By Jen Brown, Thermo Fisher Scientific
Deep-learning algorithms have shown significant promise as applications in natural language understanding, decision making, and speech and image recognition. These algorithms are now being applied in bioinformatics applications within the biopharma industry to manage the increasing amounts of data from high-throughput techniques. As a bioinformaticist, I am particularly fascinated with recent applications of these algorithms to predict a variety of biological processes and interactions, particularly with respect to proteins.
Many methods exist to identify novel protein-protein interactions (PPIs), but they only contribute to a small percentage of the whole PPI database due to low efficacy.

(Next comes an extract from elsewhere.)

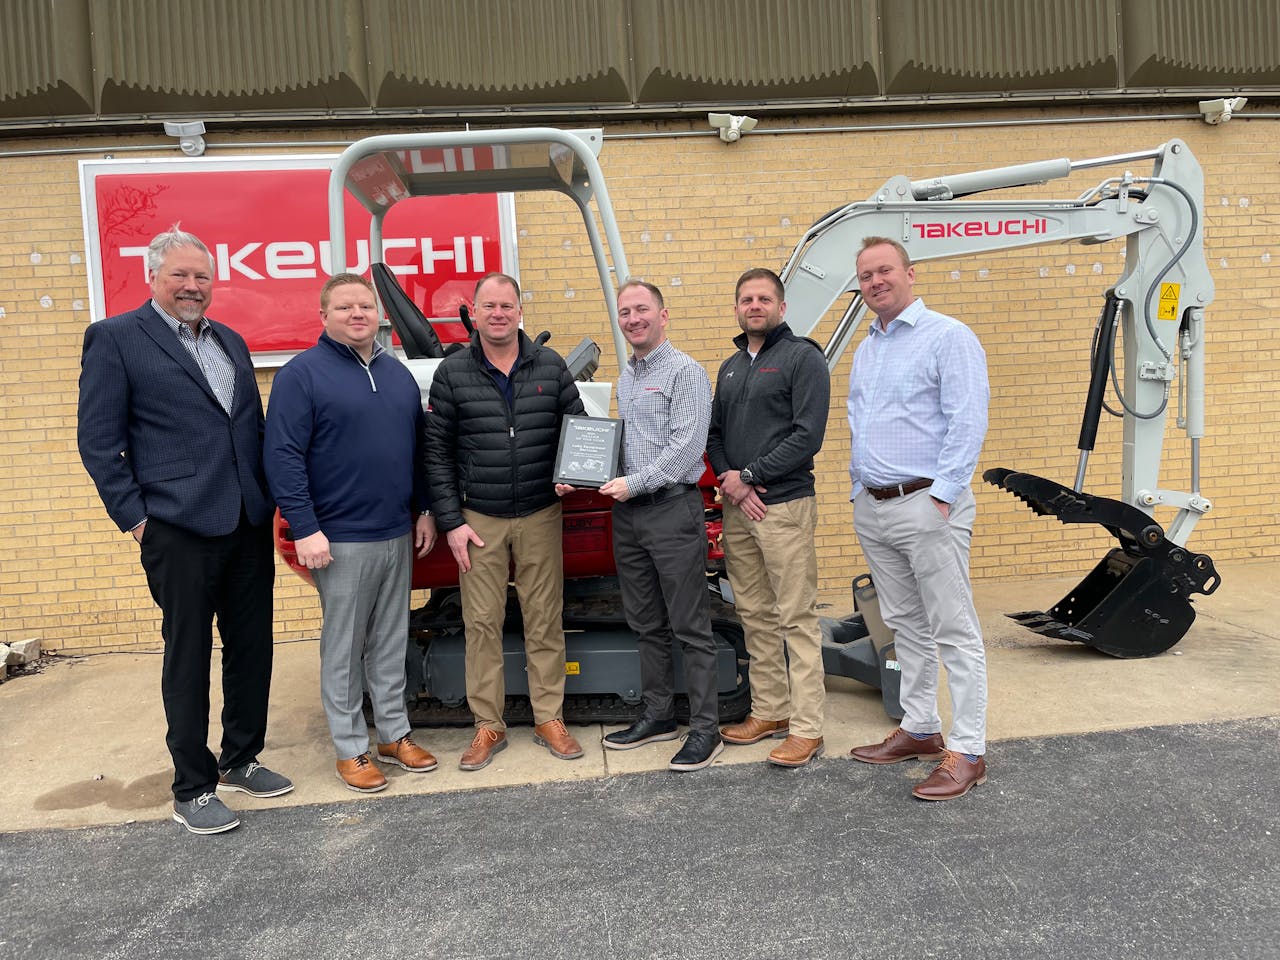 Takeuchi's Dealer of the Year for 2021, Luby Equipment

Researchers at the Center for Quantitative Biology in Beijing have now applied a deep-learning algorithm to sequence-based prediction of human PPIs, the best model of which had an average training accuracy of 97.19%. Overall, the predictive accuracies for diverse external datasets ranged from 87.99% to 99.21% and showed promise in other species.
PPIs and the Need for High-throughput Computational Methods
Most proteins interact with other proteins in order to function properly, and thus should be studied in the context of those interactions to fully understand their function. PPIs are known to play a critical role in many biological processes including signal transduction, protein folding, cellular organization, and immune response. Transient PPIs are expected to control the majority of cellular processes and are expected to be involved in the entire range of cellular processes.
As a result, the analysis of PPIs may shed light on drug target detection and aid in therapy design. There are many methods that are commonly used to analyze PPIs ranging from co-immunoprecipitation (co-IP) for stable or strong PPIs to crosslinking protein interaction analysis for transient or weak PPIs. Advances in high-throughput technology such as mass spectrometric protein complex identification (MS-PCI) and yeast two-hybrid screens are capable of generating copious amounts of data but tend to be expensive, time consuming, and may not be applicable to proteins from all organisms. This has led to the need in the industry for high-throughput computational methods to identify PPIs with high quality and accuracy.